職場の現状分析のポイント(自部署のテーマ設定 1) 

全てのことが上手く行っている。問題が全く無い会社などありません。 必ず何かしらの問題を抱えているものです。ところが、職場の問題なり、社内の諸問題をどのように解決して良いのか、わからないという声をよく耳にします。会社が発展成長を目指すなら、それらは乗り越えなければならないハードルと言えるでしょう。  

 

 社内の問題解決のためには、まず最初に「現状の職場の仕事のやり方・進め方の良し悪し」について現場の共通認識を得ることが必要です。     「今の仕事のやり方の何処に問題があるのか。何が現状の問題なのか」全員の考えを一つにまとめることが求められます。皆の気持ちがバラバラのままでは状況は良い方向に動いていかないからです。 

 普段、仕事仲間であっても職場は他人の集まりです。ひとりひとりが違った思いで仕事をしています。ある人は職場の現状に問題があるなど考えたこともないかもしれません。これまでのやり方を変える必要があるとは少しも思っていない人は、それに反対することも考えられます。         だからこそ「現状への共通認識を得ること」が問題解決、改革のスタートラインになります。現場のベクトル合わせとも言えるでしょう。別の見方をすれば、ここが改革の最初の関門になります。 

 

 その際に求められるノウハウが「情報の整理の仕方、まとめ方」です。  多くの問題点を抱える会社においてよく見かけることは、現状の問題点が上手く整理できないことです。一つ一つの問題には様々な要因が絡み合っています。それをどのように解きほぐしてまとめるか。そこが問題です。

 

 このような問題解決の状況は、例えは悪いかもしれませんが、ゴミ屋敷と化した家みたいなものです。素人からすると、それをどのように片付けるか。何から手を付けて良いのか。皆目、検討もつきません。

 ところが、掃除のプロは、本なら本、缶なら缶と手際よく仕分していきます。本でも雑誌は雑誌、文庫本は文庫本というように取りまとめることで掃除を進めます。

 

 基本的に職場の問題解決も全く同じ考え方で進めていきます。違うのはそれがゴミなのか、頭の中の情報なのかだけの違いです。頭の中にある情報をいくつかの括りにまとめること。あるいは逆にそれらをくつかのテーマに分けること。そこが「解決の糸口」を見つけるポイントです。

 

 今の状況、現在起こっている出来事、事実を、人はどのように捉えるのでしょうか。一般的に二つのグループに分かれると思います。

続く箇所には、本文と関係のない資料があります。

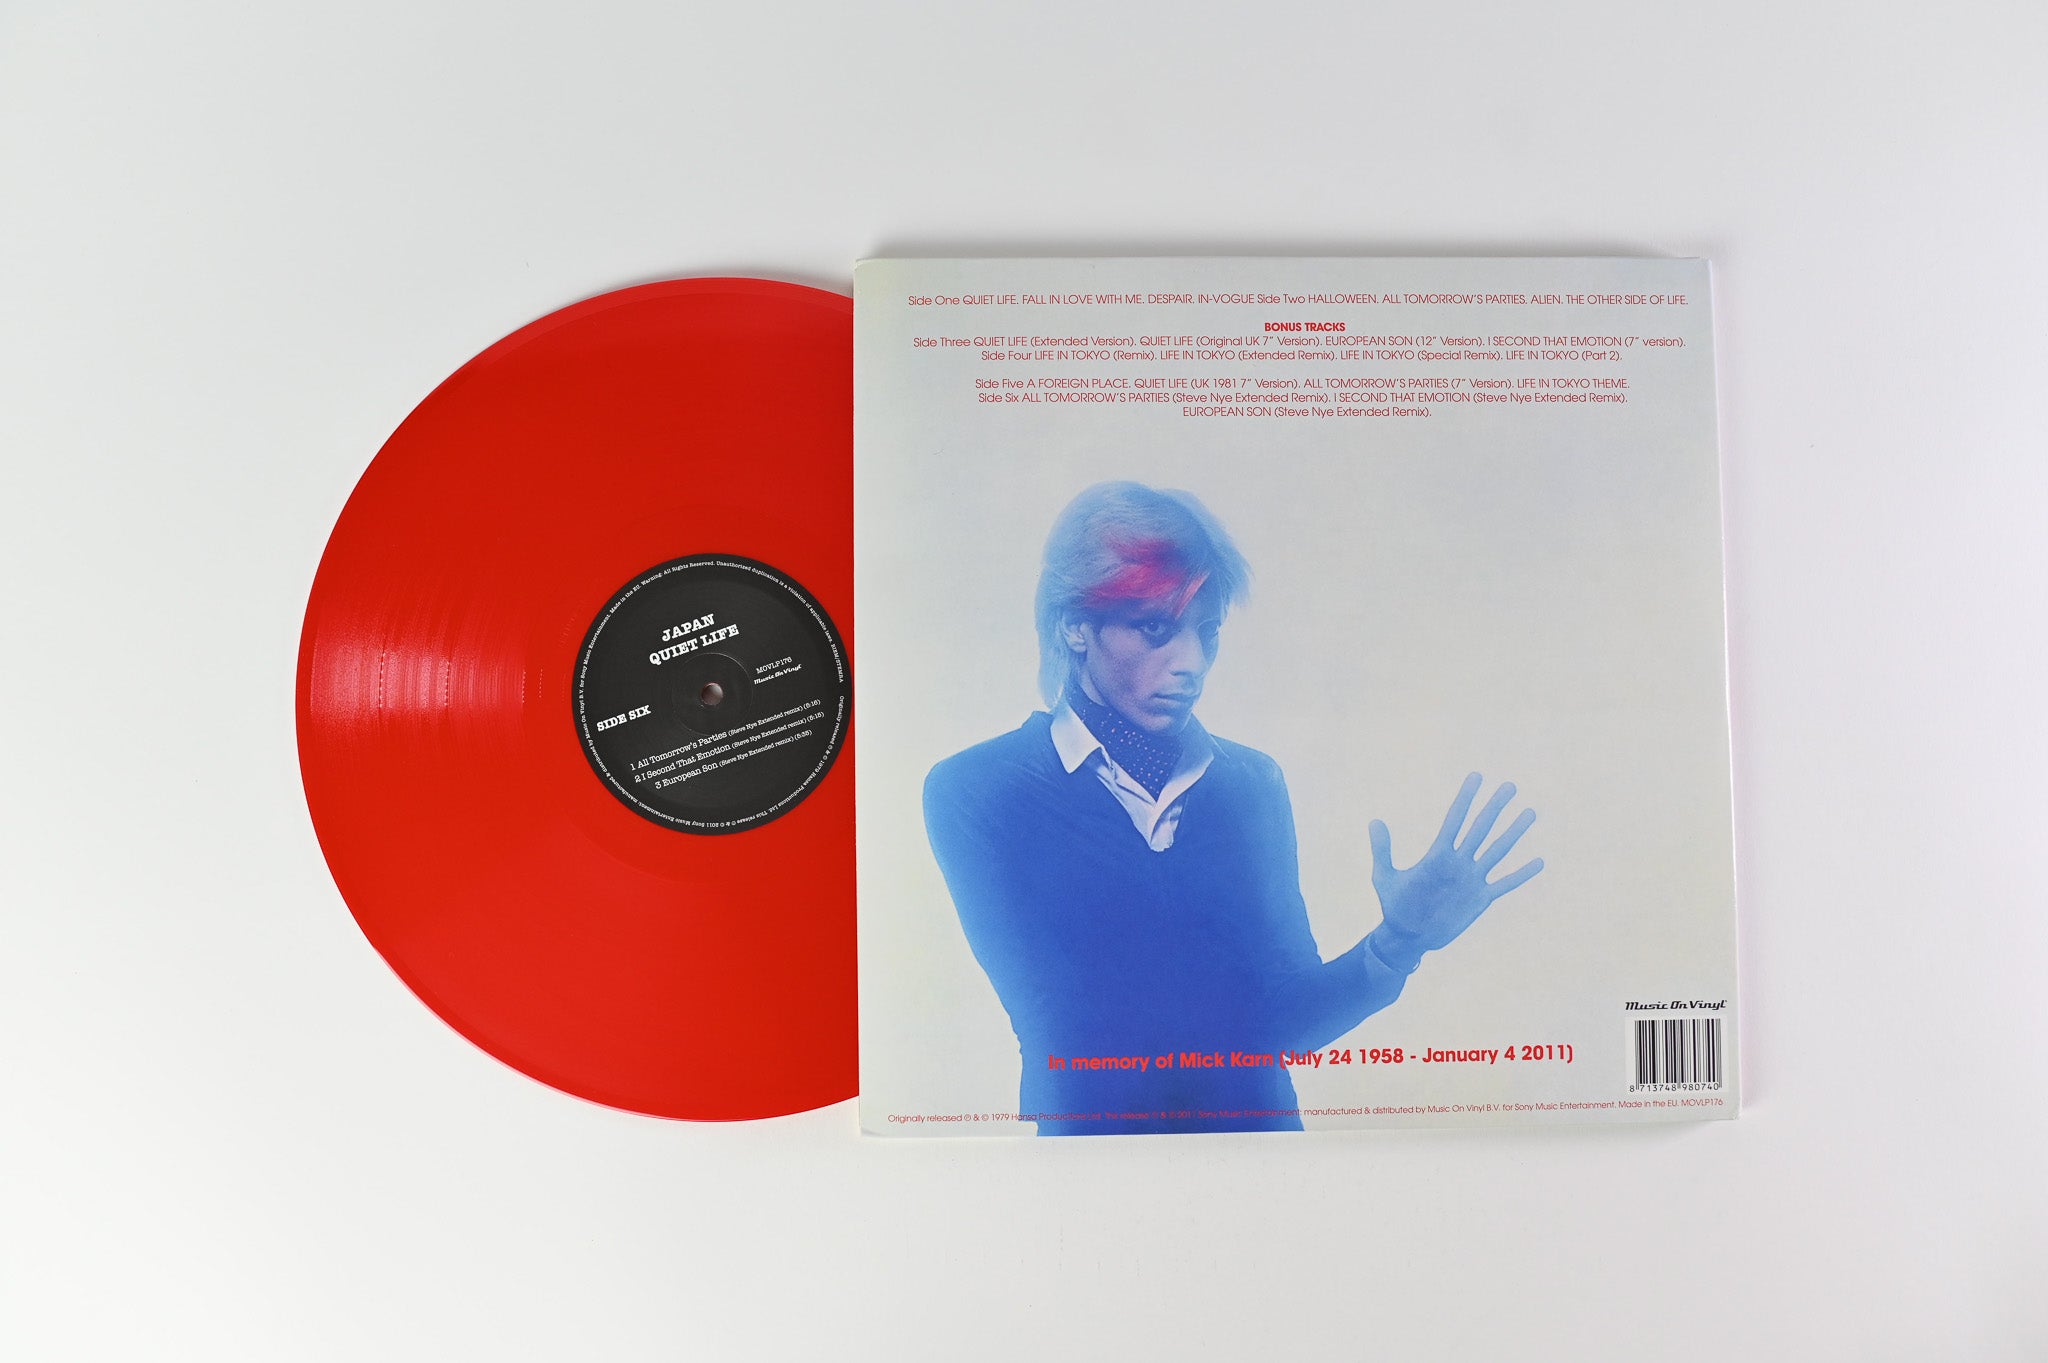 Japan - Quiet Life on Music On Vinyl Ltd Red Vinyl Reissue

  一つは何でもゴチャゴチャにして考える人たちです。彼らは何でもかんでもあれもこれもと状況を一緒くたしてしまいます。だから、何処から解きほぐして良いのかわかりません。よく注意してみると明らかに違う点や異なる状況がありますが、それをいくつかのパターンに分けることができません。

頭の中がこんがらがったまま混乱しているグループとも言えるでしょう。

情報を網羅的に、もしくは表層的に捉えてしまうと、このような状況に陥ってしまいます。

 もう一つのグループは、逆に何でもバラバラ、マチマチにしか考えられない人たちです。彼らは一つ一つの状況を全く別個のものとしか捉えられません。多少なりとも共通性や似たようなパターンがあるにもかかわらず、それをどの様にまとめて良いのかわかりません。頭の中がバラバラのまま混乱しているグループとも言えるでしょう。情報を断片的、羅列的に捉えてしまうと、頭の中がこのようになってしまいます。

 

 どちらのタイプも、このような陥りがちな状況から抜け出せない限り「解決の糸口」となるテーマを見つけることは難しいでしょう。

そのためにも、自身の頭の中を整理してまとめることが欠かせません。

 

今抱えている問題点をいくつかの括りにまとめること。現状の事実関係をいくつかのテーマに分けること。そこが「解決の糸口」を見つけるポイントです。

 

 自分の考えが整理できていないと、他者へ意見が巧く伝わりません。そのため、話し合いの場で議論が空回りして、堂々巡りになってしまいます。

 

  何事も順を追って進めなければ物事は上手く運びません。社内の問題解決もしっかりと手順を踏んで進めないと成功しないものです。問題解決のためには、会社なり現場の現状について、メンバーの共通認識を得る。ベクトルを合わせるという手順を最初に踏まなければなりません。